* _Required action_
The reader should set down exactly the lines from the one containing "Archery+Places+2nd+Thursday+At+North+Half" through the last line of the material, omitting every picture.

* _Data excerpt_
▬▬▬

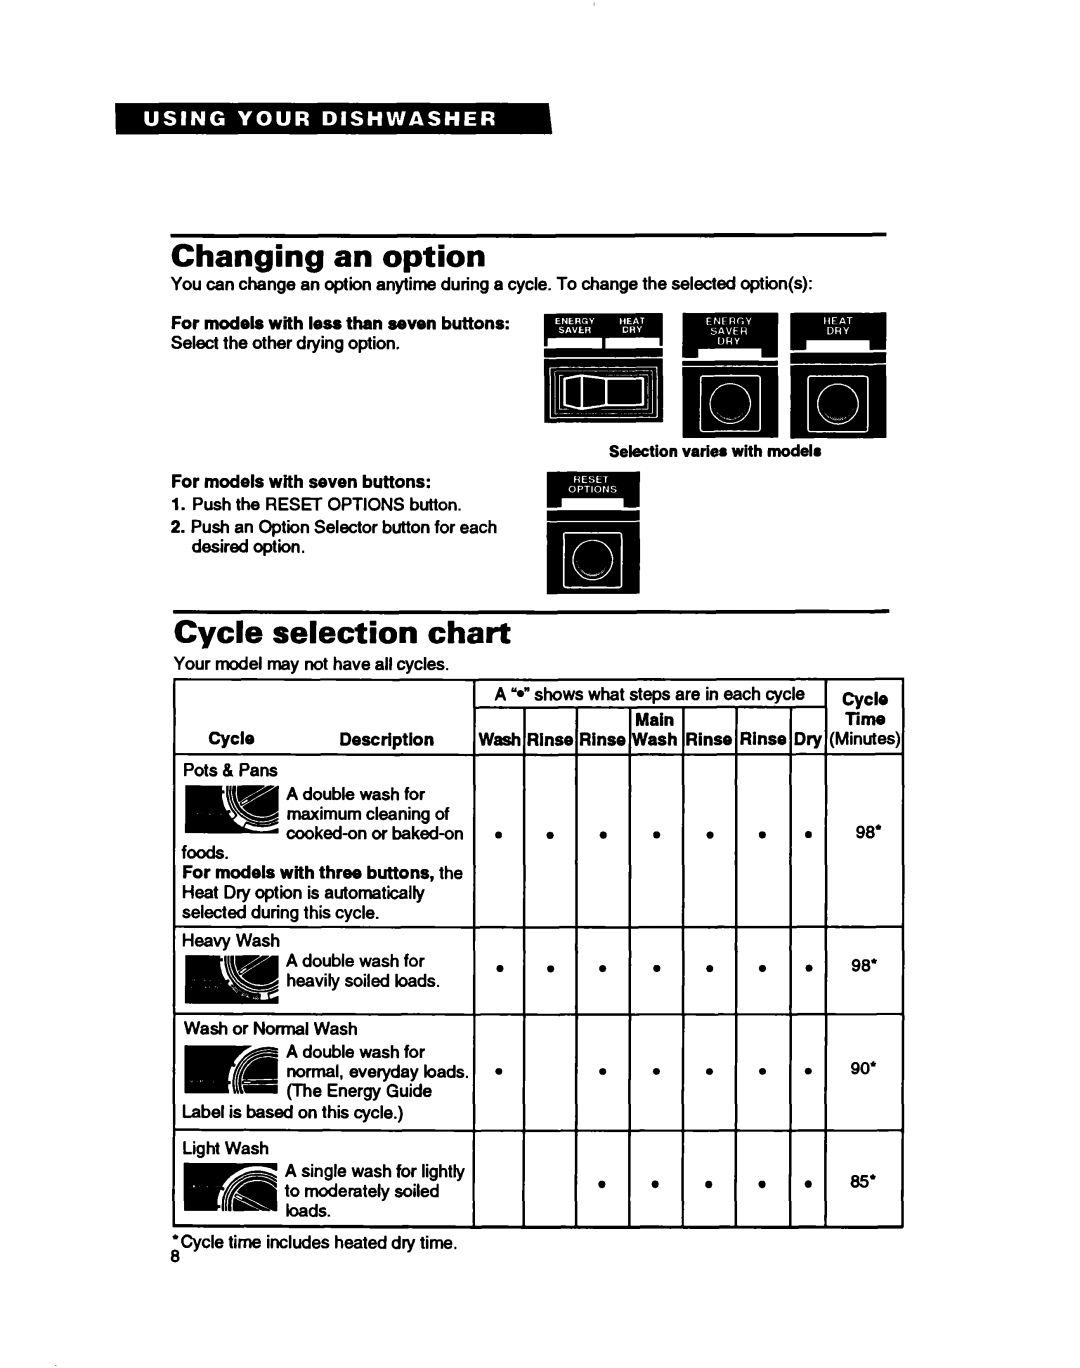 Whirlpool WU3000 Changing an option, Cycle selection chart, Selection varie8 with model, For models with seven buttons 
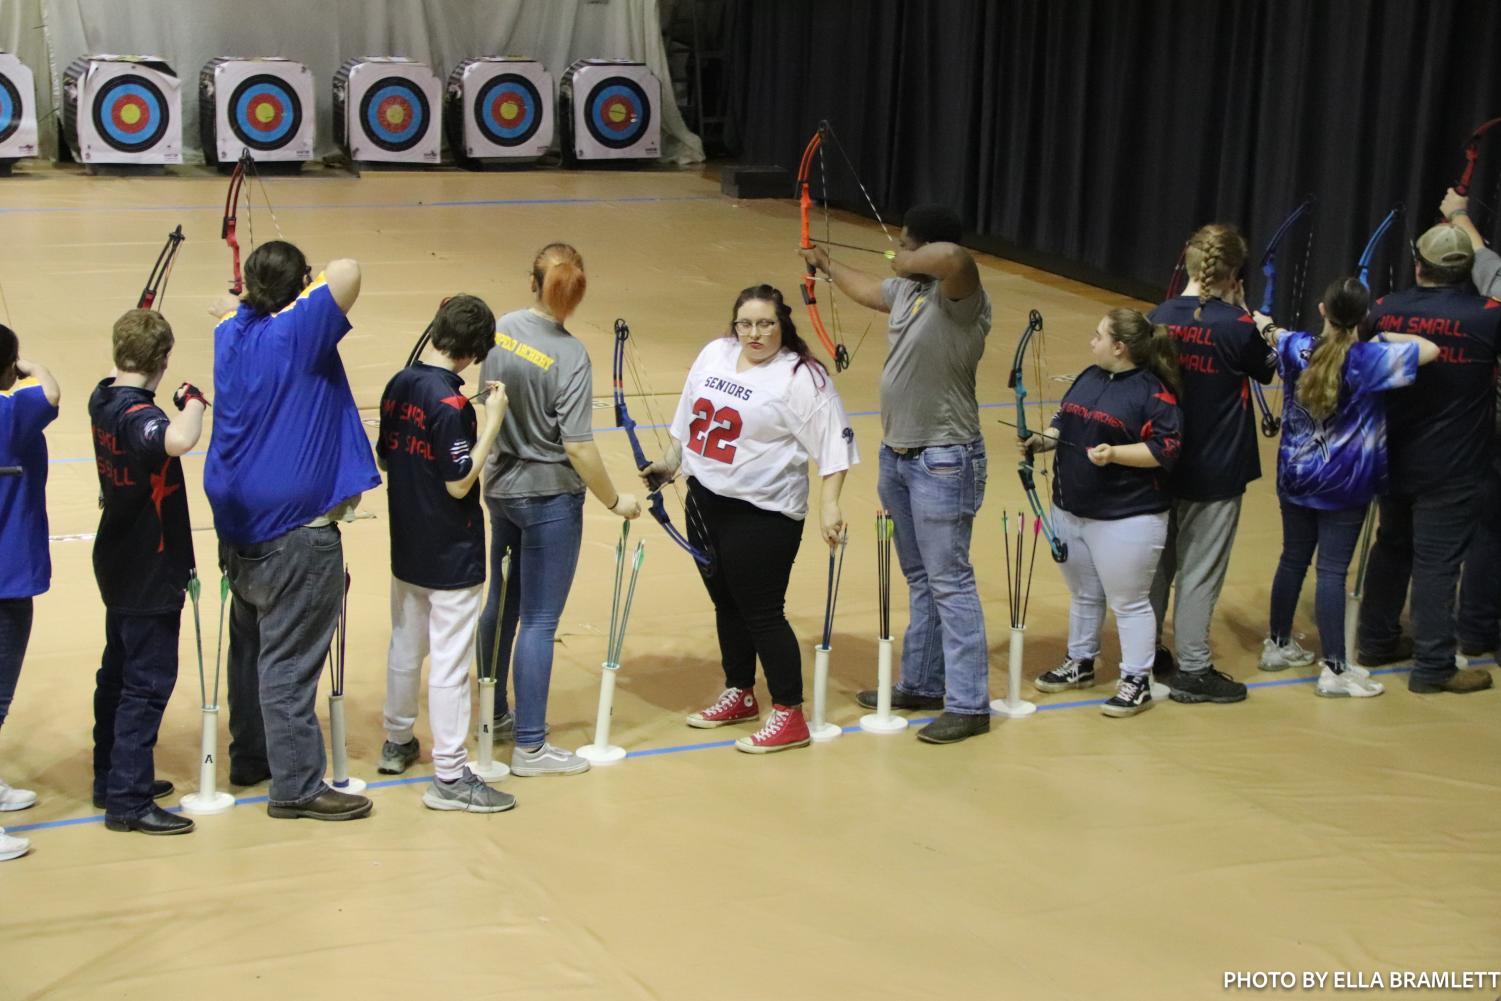 Archery+Places+2nd+Thursday+At+North+Half
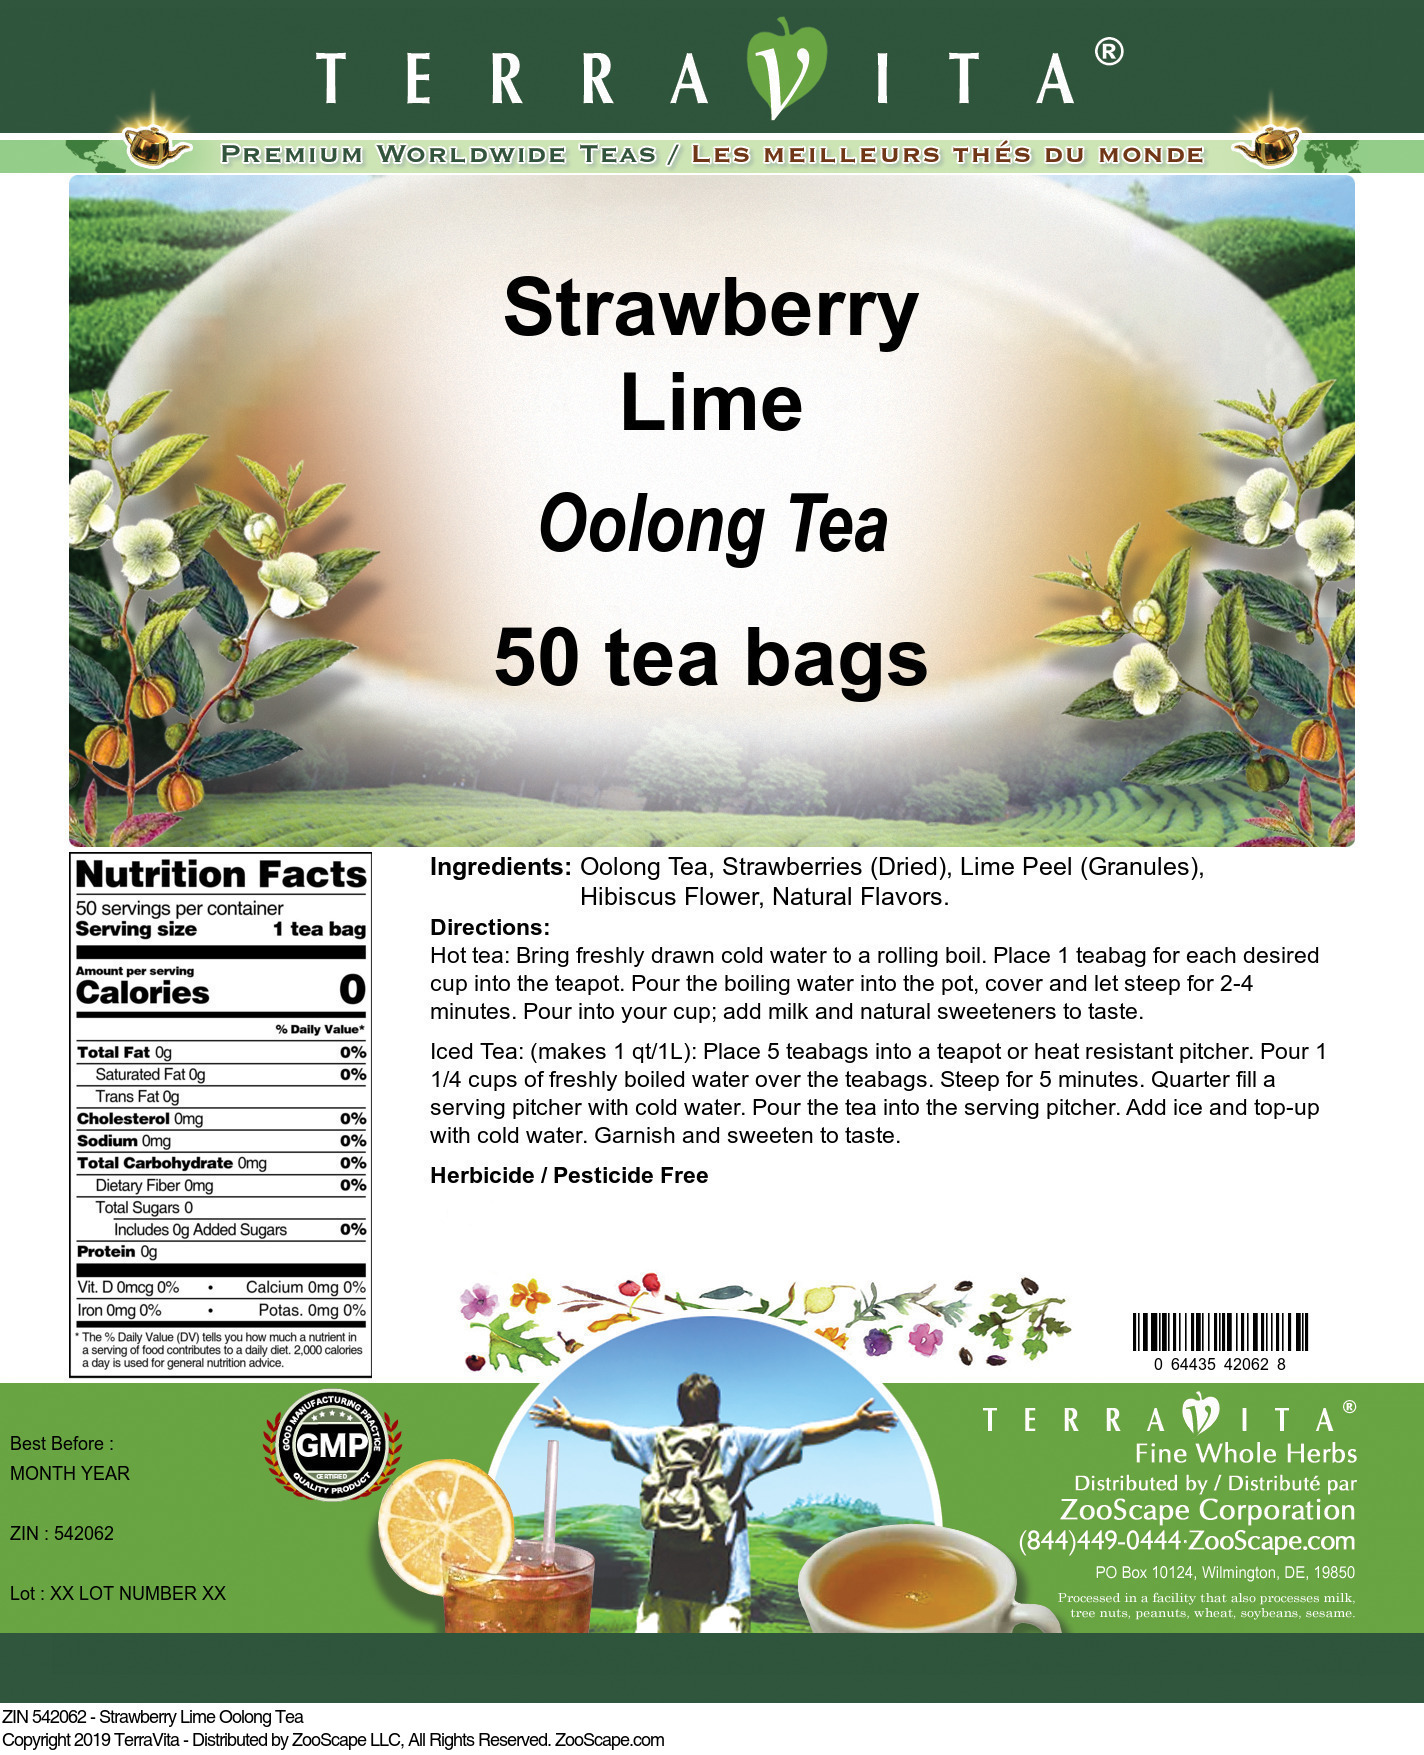 Strawberry Lime Oolong Tea - Label

▬▬▬

* _Exercise output_
 Archery+Places+2nd+Thursday+At+North+Half
 Strawberry Lime Oolong Tea - Label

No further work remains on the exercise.